Distributed learning for Random Vector Functional-Link networks
Introduction
Over the past decades, supervised learning techniques have been well developed with theoretical analyses and empirical studies [15]. The ICT world, however, is being rapidly reshaped by emerging trends such as big data [22], pervasive computing [33], commodity computing [11], Internet of things [2], and several others. All these frameworks have a similar common theme underlying them: computing power is now a widespread feature surrounding us, and the same can be said about data. Consequently, supervised learning is expected to face major technological and theoretical challenges, since in many situations the overall training data cannot be assumed to lie at a single location, nor is it realistic to have a centralized authority for collecting and processing it. The previous trends also put forth the challenge of analyzing structured and heterogeneous data [4], however, we are not concerned with this issue in this paper.

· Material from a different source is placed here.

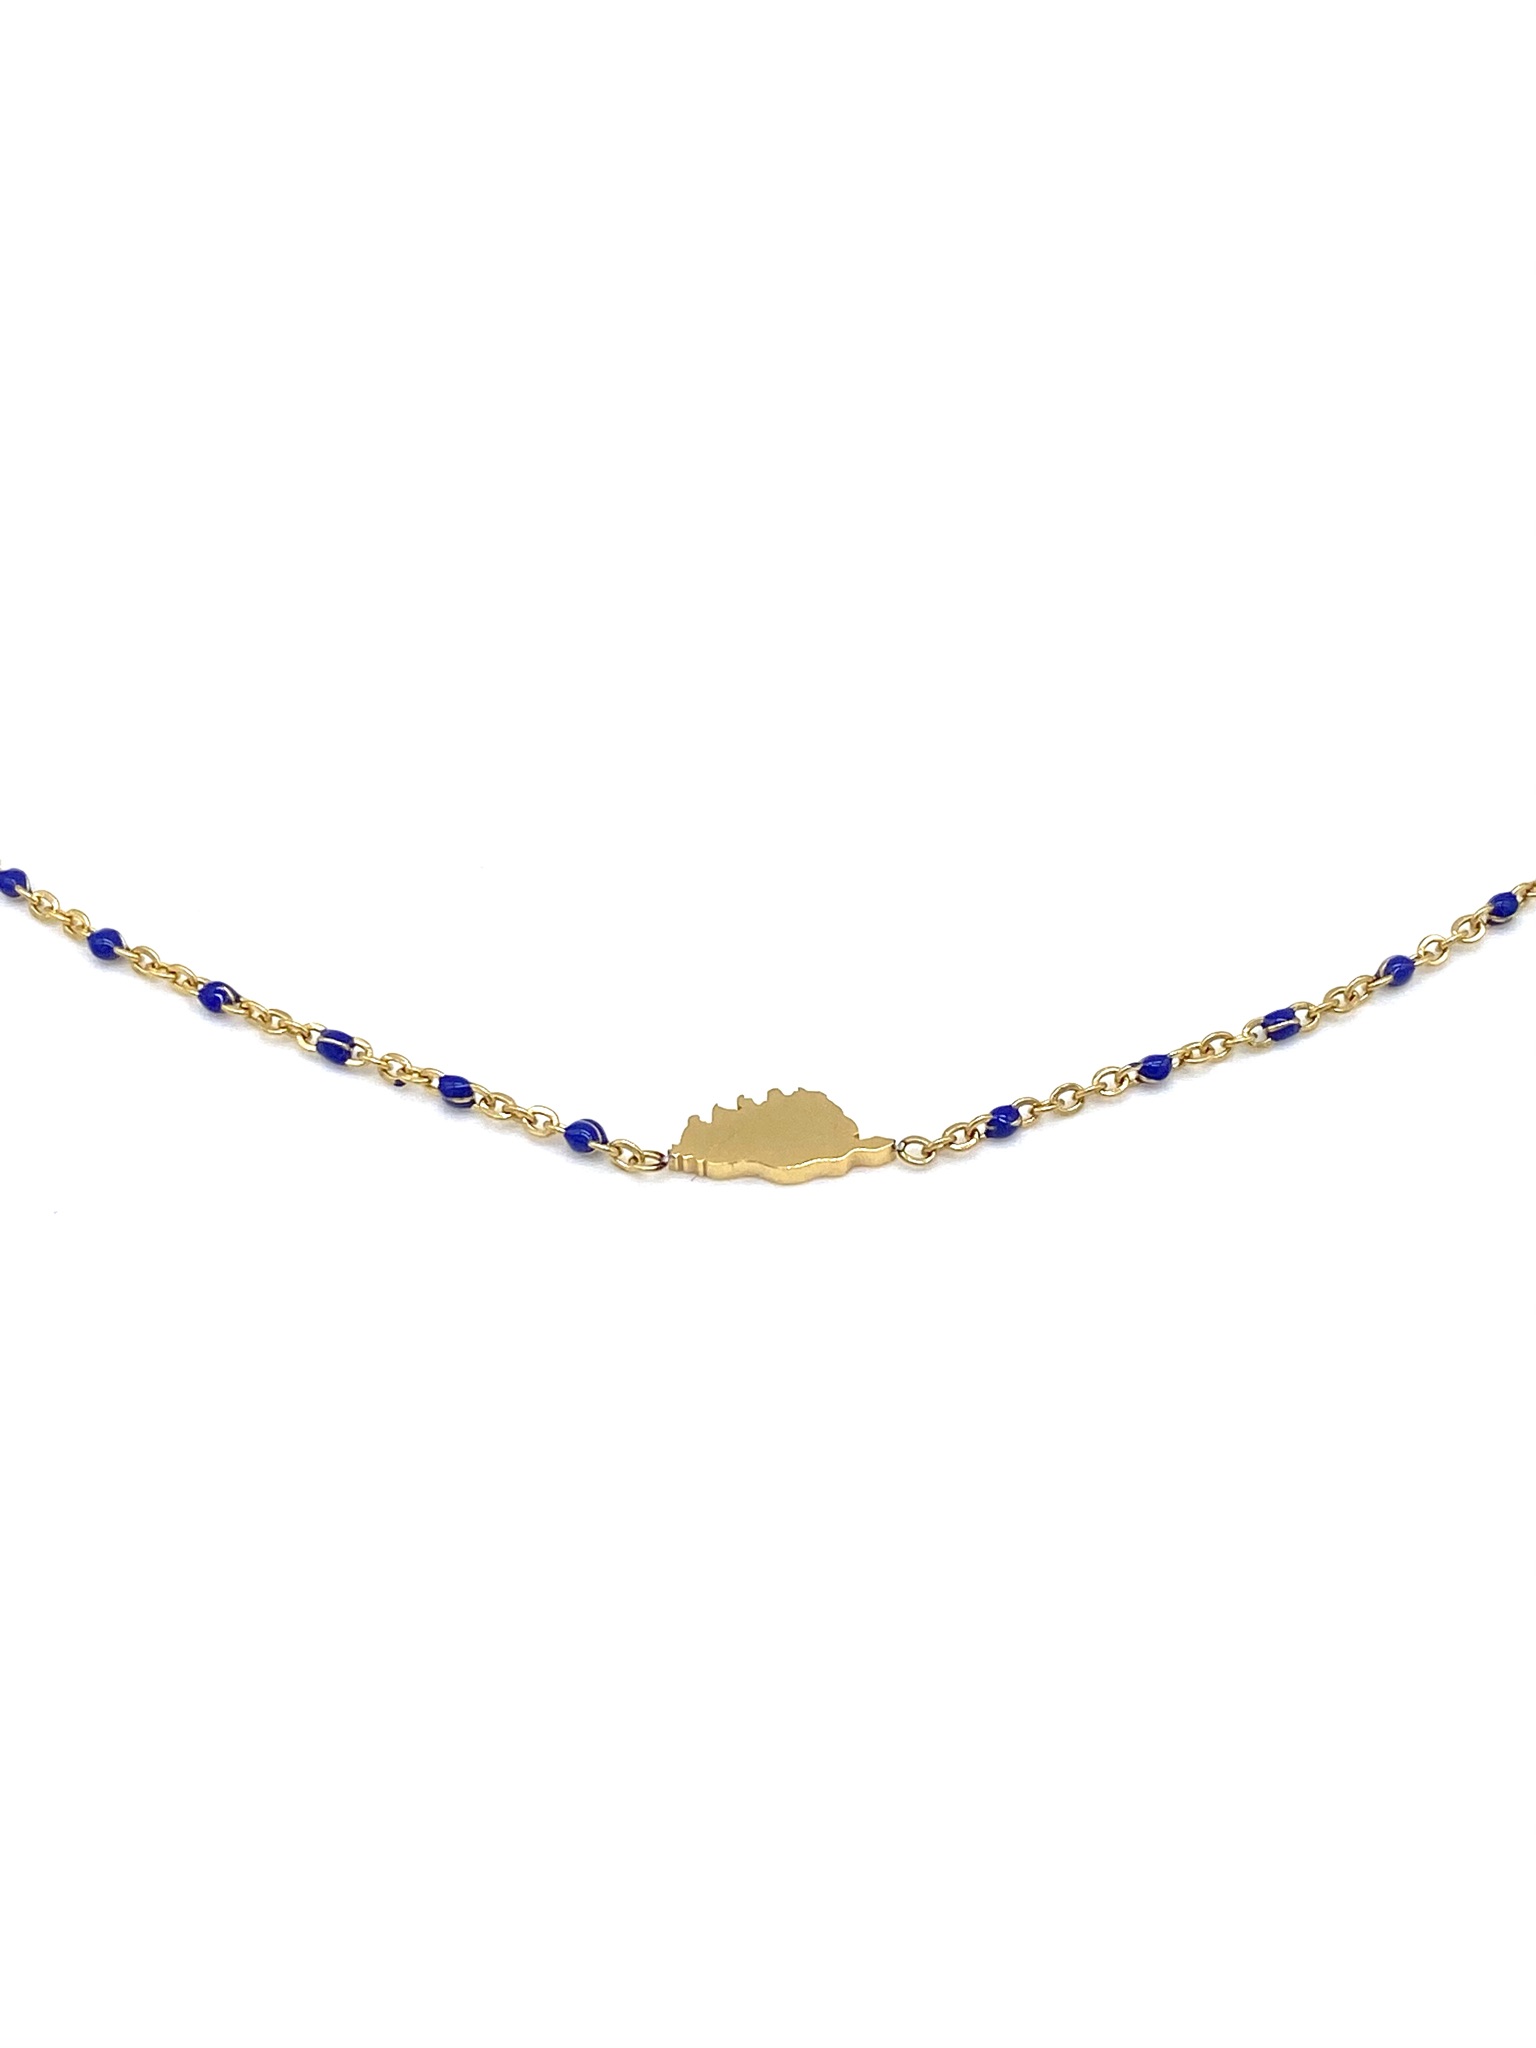 collier-perles-bleumarine-corse-doré

As a prototypical example, consider solving a music classification task (e.g., genre classification [35]) over a peer-to-peer (P2P) network of computers, each node possessing its own labeled database of songs. It is reasonable to assume that, to obtain good performance, no single database may be sufficient, and there is the need of leveraging over the data of all users. However, in a P2P network no centralized authority exists, hence the nodes need a distributed training protocol to solve the classification task. In fact, it is known that a fully decentralized training algorithm can be useful even in situations where having a master node is technologically feasible [16]. In particular, such a distributed algorithm would remove the risks of having a single point of failure, or a communication bottleneck towards the central node. Similar situations are also widespread in Wireless Sensor Networks (WSN), where additional power concerns arise [5]. Finally, it may happen that data simply cannot be moved across the network: either for being large (in term of number of examples or dimensionality of each pattern), or because fundamental privacy concerns are present [40]. The general setting, which we will call ‘data-distributed learning’, is graphically depicted in Fig. 1.
So far, a large body of research has gone into developing fully distributed, decentralized learning algorithms, including works on diffusion adaptation [21], [34], learning by consensus [16], distributed learning on commodity clusters architectures [8], adaptation on WSNs [5], [32], distributed online learning [13], distributed optimization [6], [14], [18], [38], ad-hoc learning algorithms for specific architectures [12], [26], distributed databases [20], and others. Despite this, many important research questions remain open [31], and in particular several well-known learning models, originally formulated in the centralized setting, have not yet been generalized to the fully decentralized setting.
In this paper, we propose two distributed learning algorithms for a yet-unexplored model, that is Random Vector Functional-Link (RVFL) networks [1], [10], [30], [37]. As illustrated successively, RVFLs can be viewed as feedforward neural networks with a single hidden layer, resulting in a linear combination of a (fixed) number of non-linear expansions of the original input. A remarkable characteristics of such a learner model lies in the way of parameter assignment, that is, the input weights and biases are randomly chosen and fixed in advance before training. Despite this simplification, RVFLs can be shown to possess universal approximation capabilities, provided a sufficiently large set of expansions [17]. This grant them with a number of peculiar characteristics, making them particularly suited in a distributed environment. In particular, RVFL models are linear in the parameters, thus optimal parameters can be found with a standard linear regression routine, which can be implemented efficiently even in low-cost hardware, such as sensors or mobile devices [30]. In fact, the optimum of the training problem can be formulated in a closed form, involving only matrix inversions and multiplications, making the model efficient even when confronted with large amounts of data. Finally, the same formulation can be used equivalently in the classification and in the regression setting. In this paper, we focus on batch learning scheme development, however the proposed algorithms can be further extended for sequential learning with the use of standard gradient-descent procedures [10], whose decentralized formulation have been only partially investigated in the literature [34].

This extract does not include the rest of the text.